Malcolm had been with Lara and her father on the night William Blair died. He had suffered from lung cancer. He had been a lifelong smoker—it was an irony that so many doctors who knew full well the destruction cigarettes could spread through the heart and lungs could still succumb to the habit—and despite many efforts to quit (once led by Malcolm, who had also smoked during college, and who offered to quit along with him; Malcolm had succeeded, but William went back to smoking after his wife died) had never been able to permanently shake the habit. When William lay in the hospital on what they all knew was the last night of his life, Malcolm whispered to him, “I wish we’d spent more time trying to beat cancer.”

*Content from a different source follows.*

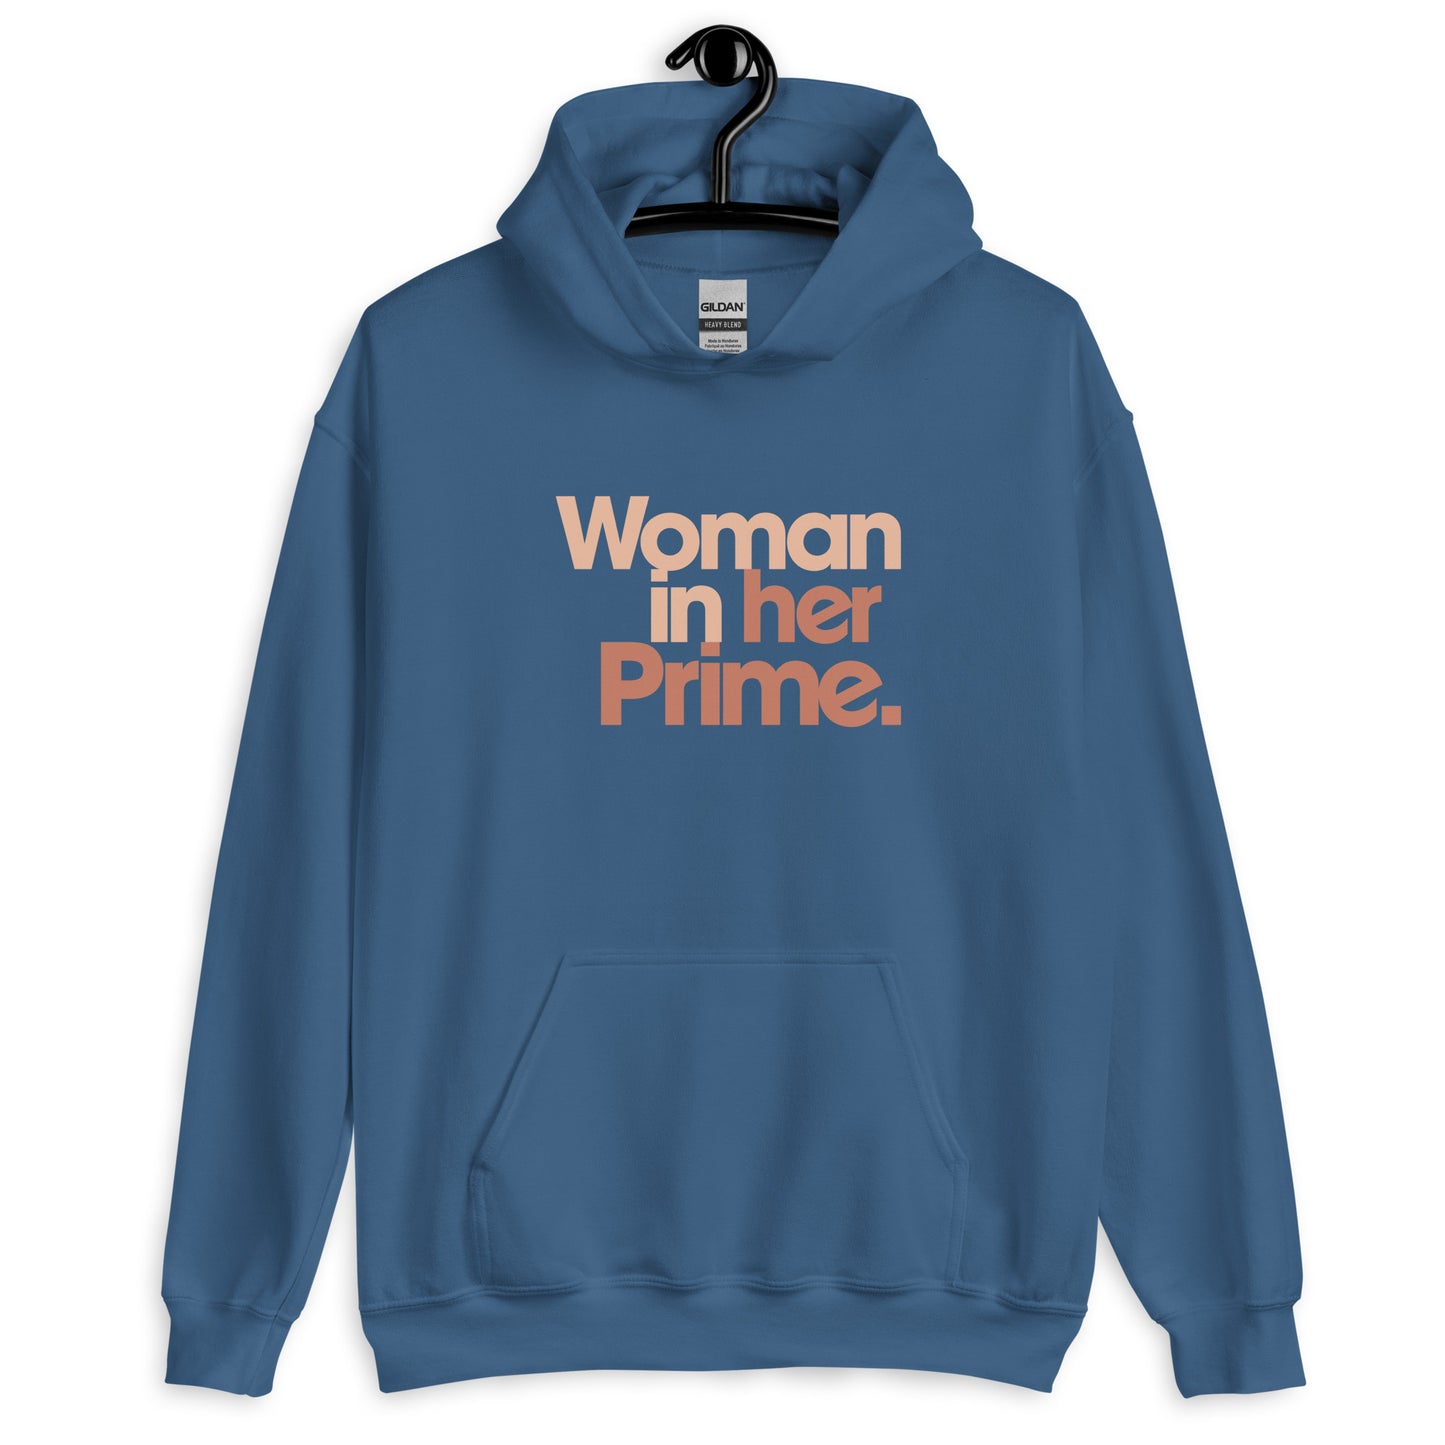 Woman in her Prime - Hooded Sweatshirt
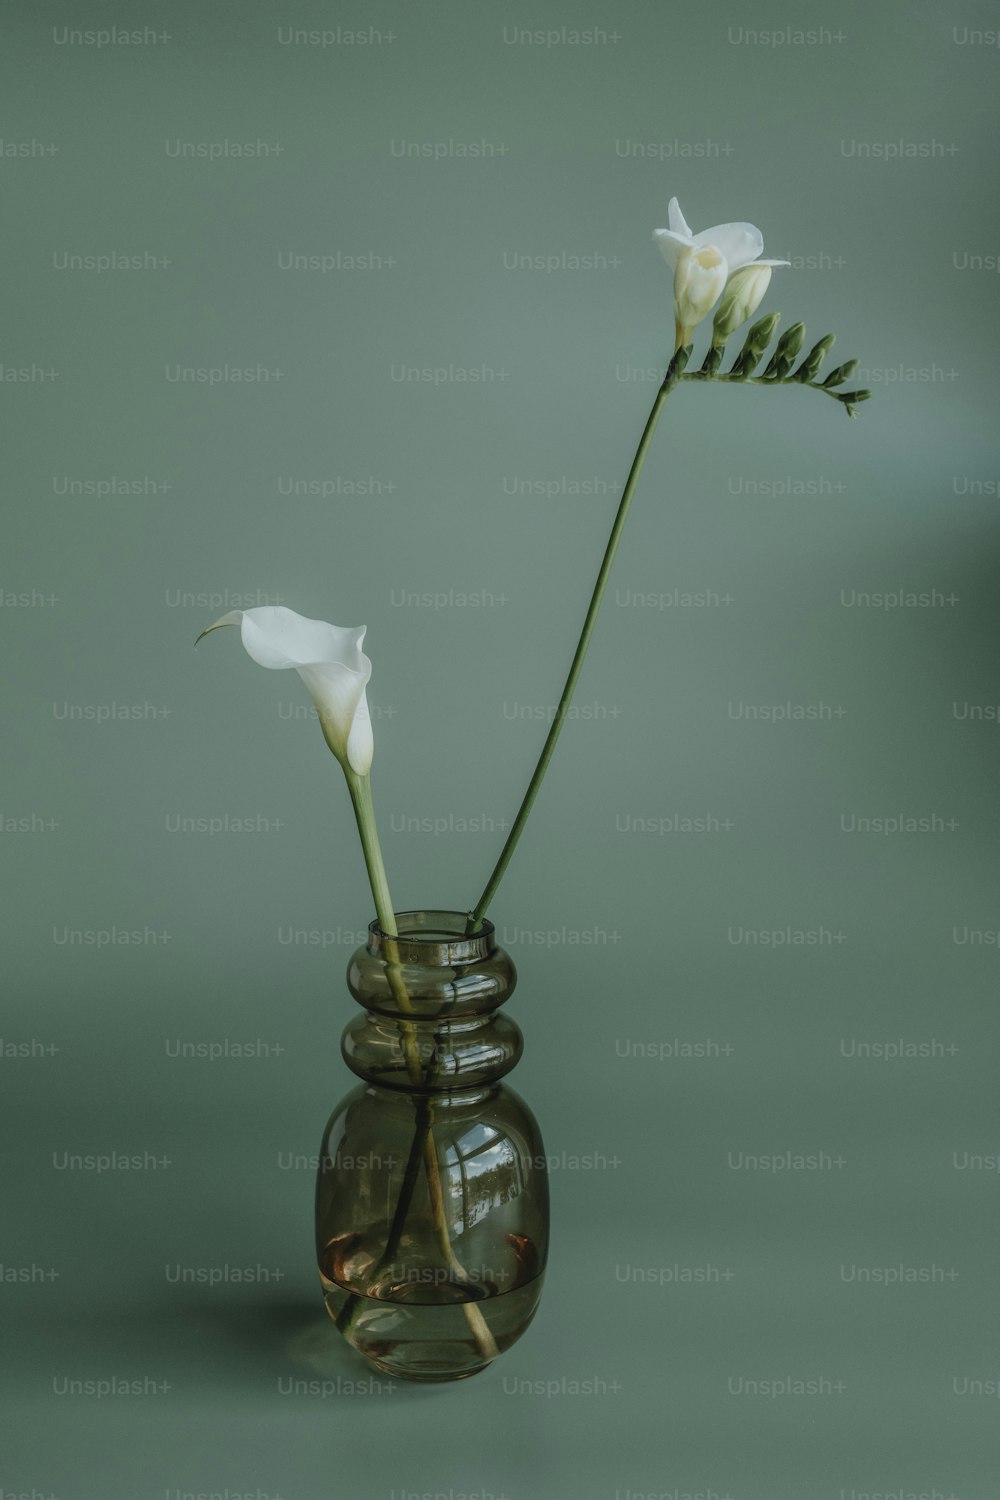 deux fleurs blanches dans un vase en verre sur une table

But William had smiled then—actually smiled, behind the mask of the ventilator that kept his chest rising and falling—and shook his head; then his eyes turned to Lara, sitting in the chair beside the bed, and Malcolm knew exactly what that look meant, and what he would do for his dying friend and for his living daughter, as long as he would live himself.
Now Lara, seeing this new evidence of stupendous dexterity, tossed off the remainder of her lab gear and paced her office. Lara possessed the trait—some might call the affliction—of believing that if anything needed accomplishing, she had to acquire skill for it personally. But before her were the signs of a skill beyond any she could achieve herself; she knew that already, after a young lifetime of trying. She had never seen anything like the manual skill or the subtle artistry that the carvings demonstrated. The photo blow-ups made it even more evident than microscopic views of the carvings did.